Dos años que cambiaron la ecuación
Héctor O. CarriedoEl Segundo Informe de Claudia Sheinbaum Pardo no ofrece un país sin problemas. Ofrece algo más relevante: evidencia de que México puede crecer en derechos, salarios, empleo, bienestar y seguridad sin romper la estabilidad macroeconómica.
Hay informes de gobierno que se recuerdan por la retórica y otros por las cifras. El Segundo Informe de Claudia Sheinbaum pertenece, sobre todo, a la segunda categoría.
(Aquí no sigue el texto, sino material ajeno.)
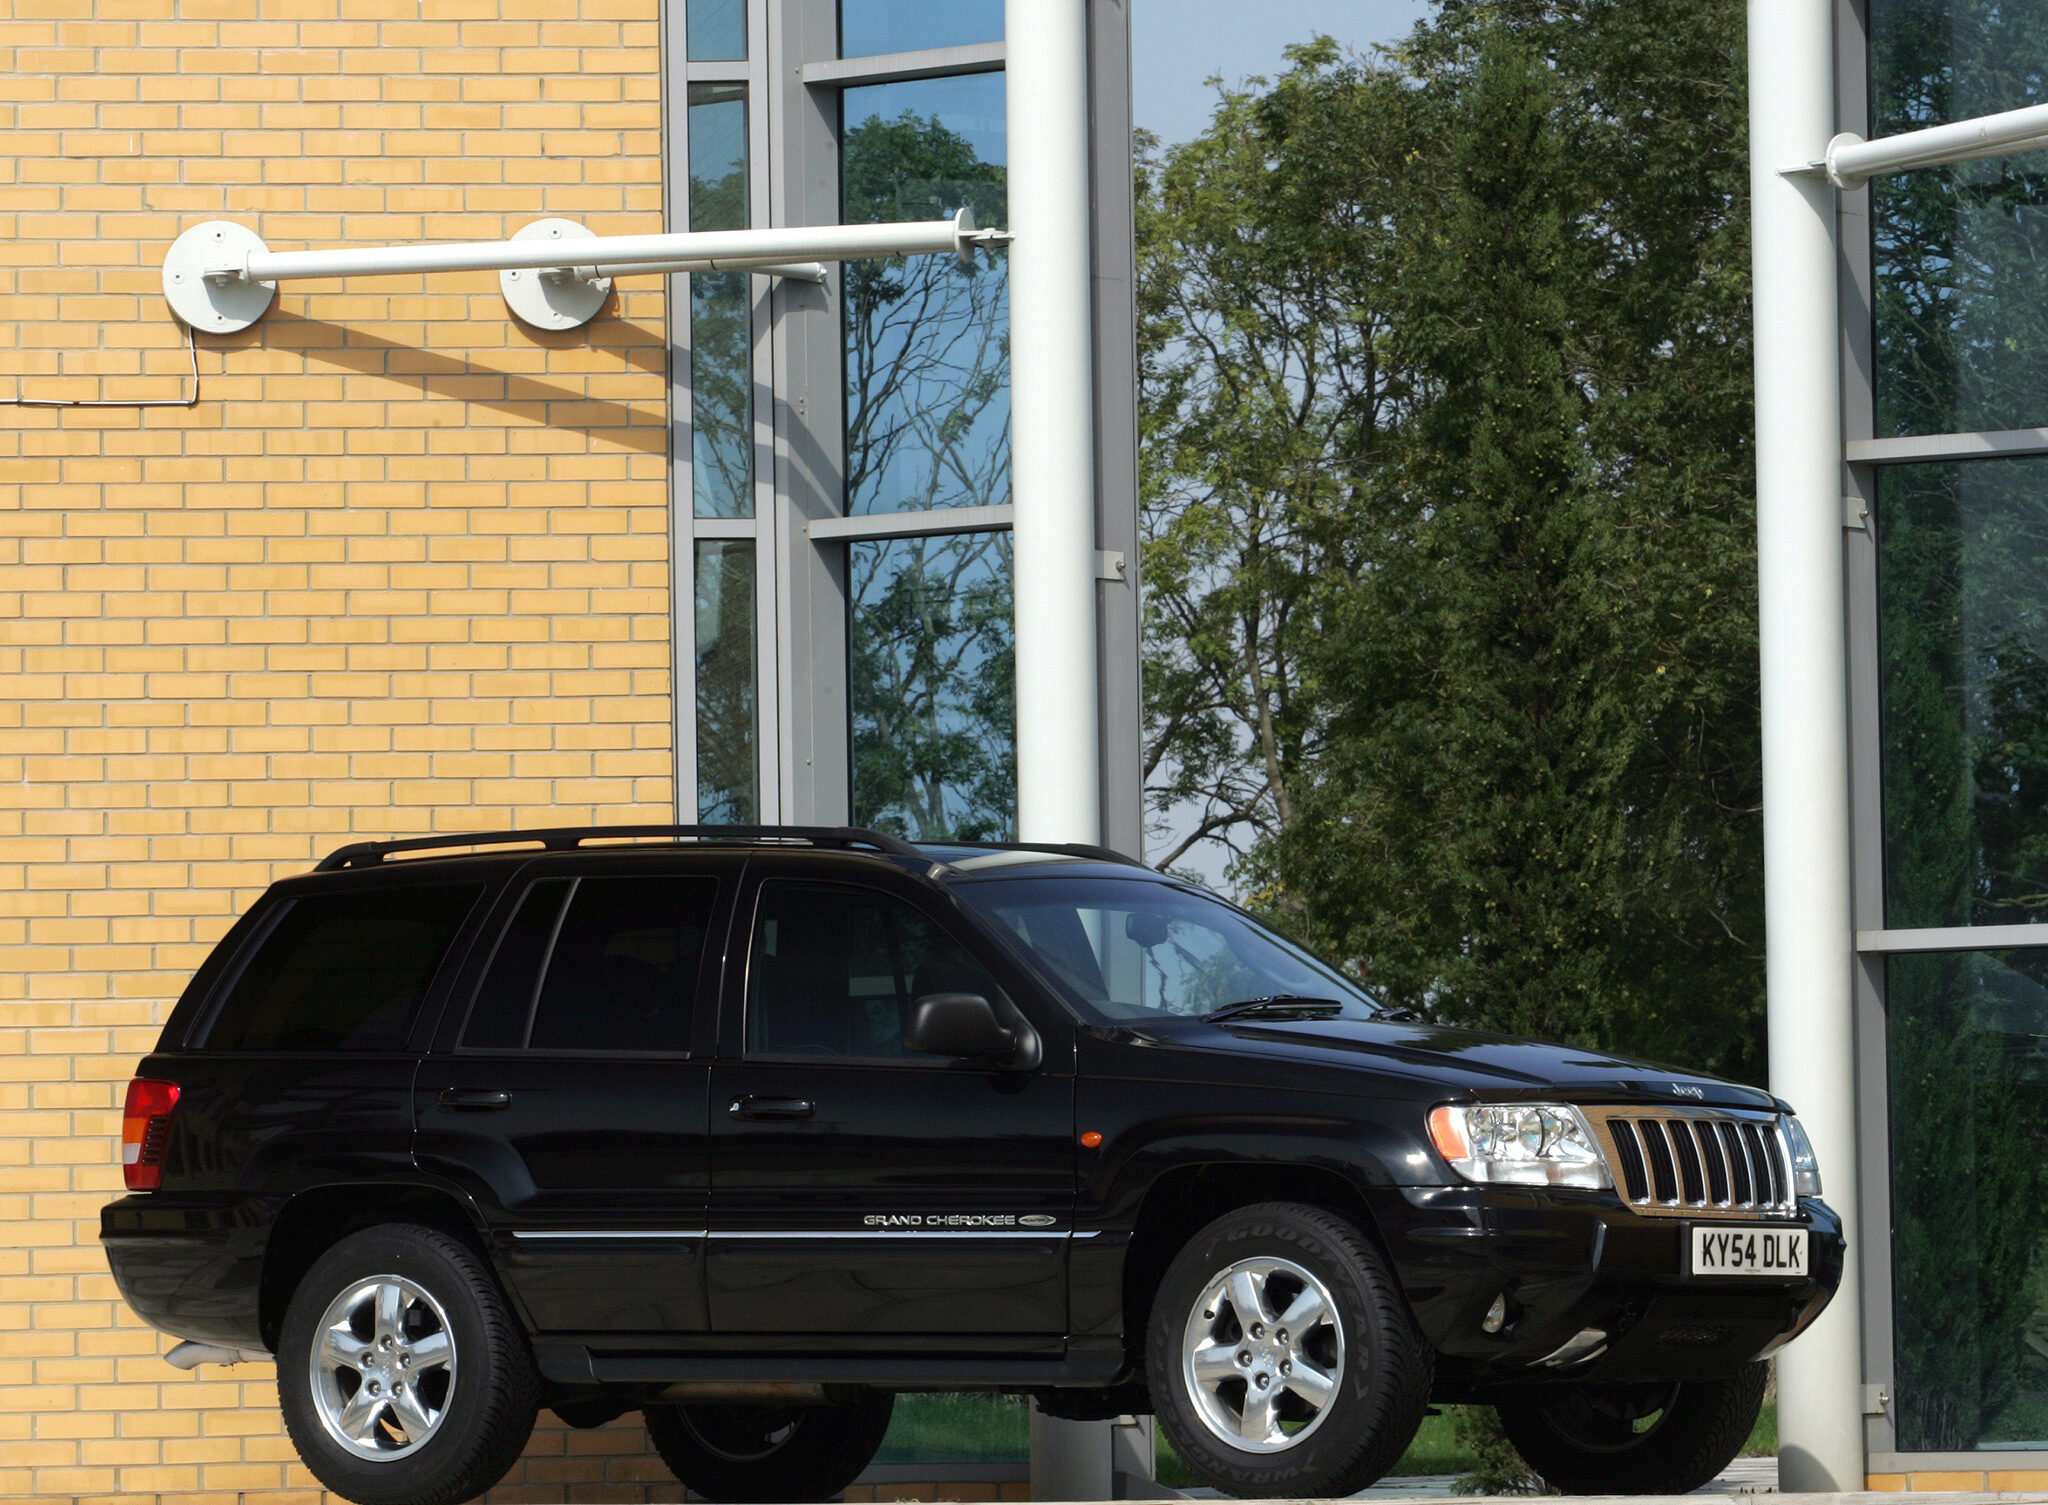 2004 Jeep Grand Cherokee wallpapers

Su mensaje del 1 de septiembre en Palacio Nacional puso sobre la mesa un conjunto de indicadores que, vistos con perspectiva histórica y comparados con los primeros años de los gobiernos de Vicente Fox, Felipe Calderón, Enrique Peña Nieto y Andrés Manuel López Obrador, dibujan una transformación que merece ser medida sin prejuicios y sin propaganda, pero también sin mezquindad.
La conclusión central es difícil de ignorar: México llega al segundo año del gobierno de Sheinbaum con máximos históricos en empleo formal, una recuperación extraordinaria del salario mínimo, inflación contenida, inversión extranjera en niveles récord y una reducción muy significativa de los homicidios dolosos. La propia Presidencia sintetizó el balance bajo una premisa: México “va mejor y tiene rumbo”.
Eso no significa que todo marche bien. Significa algo más importante: los resultados positivos existen y tienen sustento estadístico.
El empleo como principal carta de presentación
Quizá ninguna cifra ilustra mejor el cambio que el empleo.
México ronda ya los 60 millones de personas ocupadas, mientras el IMSS registra más de 22.7 millones de puestos de trabajo formales, una cifra históricamente elevada y con una proporción cercana a 87% de plazas permanentes.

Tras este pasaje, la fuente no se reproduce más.